SMB “home drive” mounts not being auto-mounted at ldap login, Mounts setup in User-group profiles

automountldaposx-serverserver.appsmb

In Profile Manager to mount the default home drives set for the User in Server.app, you mark a checkbox "Add Network Home," but then. Does anyone know which plist in the system, etc, that is actually referencing? because it does not work for me, and home drives do not auto-mount.

When you click "add network home" it adds text like {{{home drive}}} into the list of mount points (it looks exactly like that, but with less than and greater than signs instead of curved-brackets).

This specific question is regarding a small network where upon login, users get several mount points authenticated, and one not authenticated (they were originally set up using .mobilconfig files generated in profile manager, and previously in Workgroup Manager).

I've limited this question now to focus on the "home drives," because I believe so far, that overlapping device & user-group profiles were causing some of these problems, but I've removed these, and now, the OSX User/Networked home drives still do not auto-mount.

As a nice reference for the 2 steps involved in setting this up, see the question and answer on this Server Fault forums post. I should also add that mounting doesn't seem consitant at all, and sometimes other mount points don't come up, but this seems to related possibly to other factors.

Users login, most of the time they get these SMB shares, which via the config profiles are allowed to show up on the desktop (Finder settings), as well as get auto-mounted in Users & Groups. The problem is that they just don't show up sometimes! The Server logs are fairly clean, dnslookup is fine, the Server names all match the fqdn so the usual LDAP-related issues are in check.

OSX server is running on a Mac Mini running Yosemite with Server v. 5.0.1 (the same problem existed on server 4 as well), with the clients mostly on El Capitain, although I've seen this also in a mixed enviornment. This occurs in only about 20% of User accounts, with no pattern in the directory service information that I can see.

Best Answer

I'm beginning to form my own answers on this, but the full understanding will take a lot of research and log review, so please edit, post other answers, and/or comments here!

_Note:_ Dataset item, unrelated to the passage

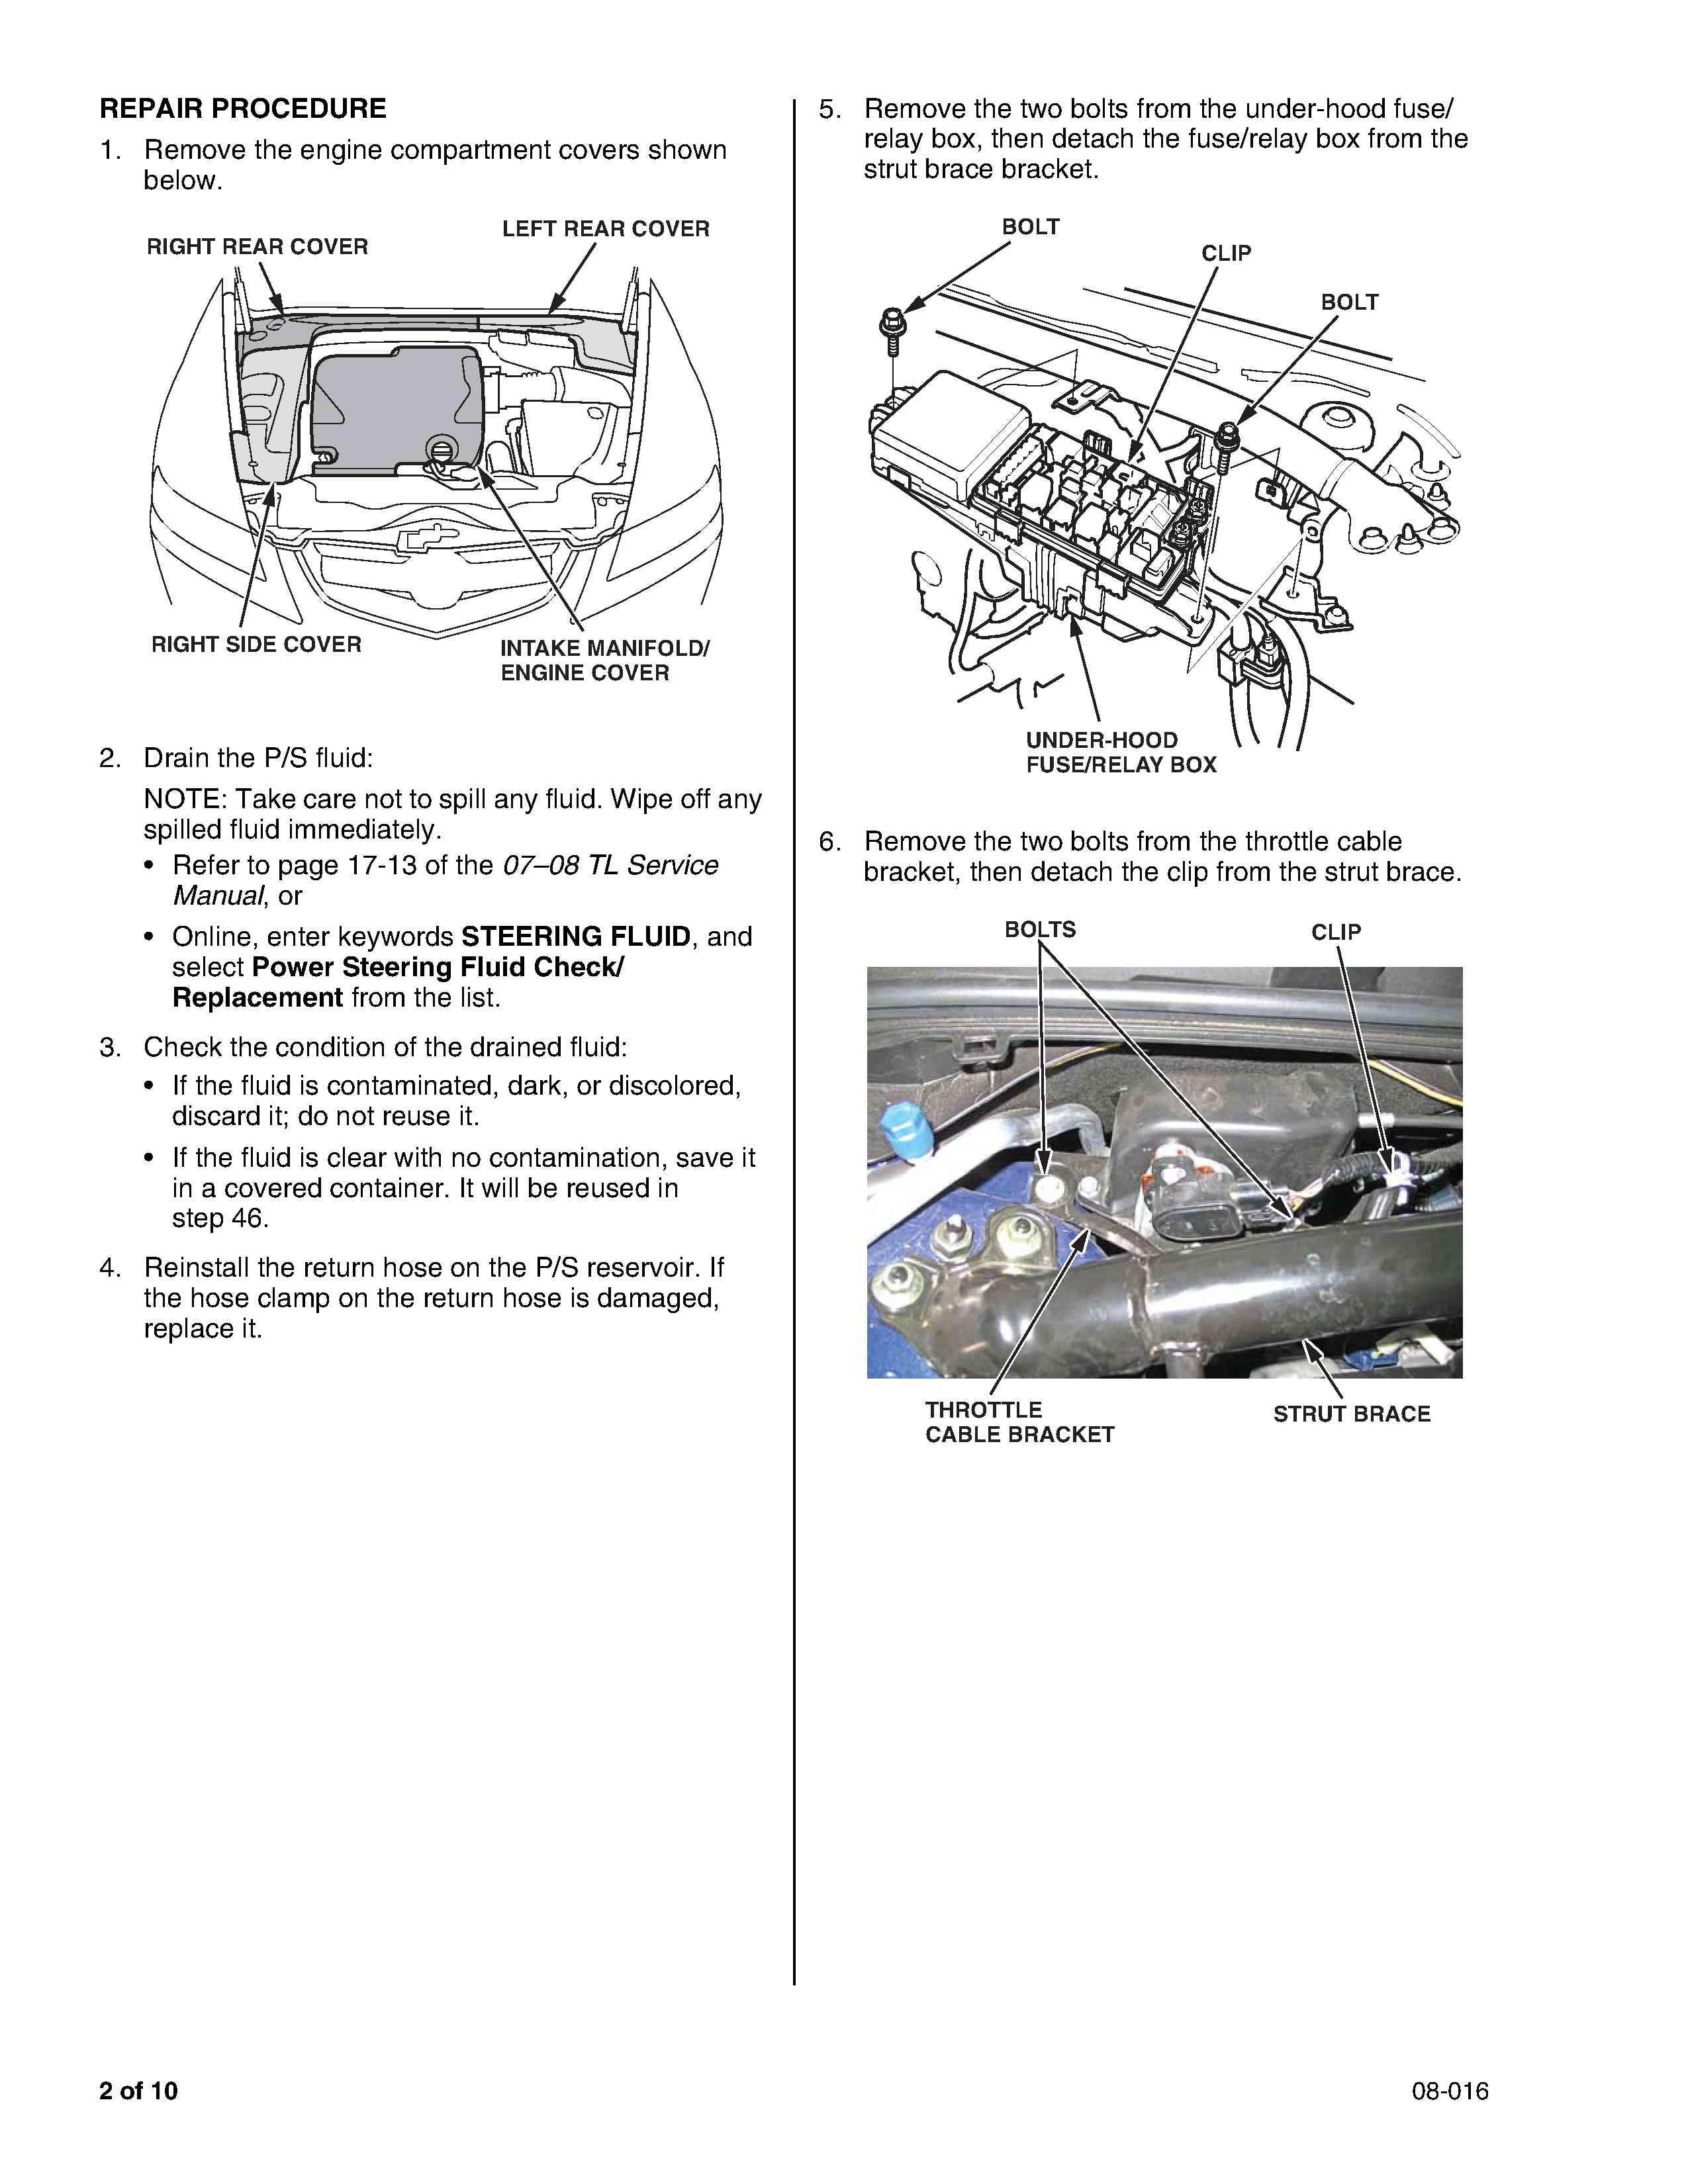 2012 05 16_014813_tl_power_steering_pressure_hose_recall2 dnd330 wiring diagram,wiring \u2022 woorishop co Wiring Packard for Diagram Tqs81 at nearapp.co

In an older guide for OSX Server, I've read these comments, but surely rather than being required to allow guest access to those shares, a local account on the Server can mount them, or maybe that information is from before the authenticated-mounting made its way to OSX:

Be sure to enable guest access both for the share point and for the protocol under which it is shared.

Note: Automounted share points are available to clients only when their computers start up.

One element of this problem can be explained by reading over the Open LDAP documentation, which Apple's Open Directory is based on. I have seen from time to time, at least once of the messages they describe, in the Open Directory logs.

Deep within OSX there may be inconsistencies of BerkleyDB versions, which for the simple-end-user in a perfect world could be resolved between the ideal combination of versions of OSX on the client, OSX (on the server), and Server.app or other changeable componts, also on the server.

from the link:

C.2.9. ldap_sasl_interactive_bind_s: Can't contact LDAP server (-1)

Using SASL, when a client contacts LDAP server, the slapd service dies immediately and client gets an error :

 SASL/GSSAPI authentication started ldap_sasl_interactive_bind_s: Can't contact LDAP server (-1) Then check the slapd service, it stopped.

This may come from incompatible of using different versions of BerkeleyDB for installing of SASL and installing of OpenLDAP. The problem arises in case of using multiple version of BerkeleyDB. Solution: - Check which version of BerkeleyDB when install Cyrus SASL.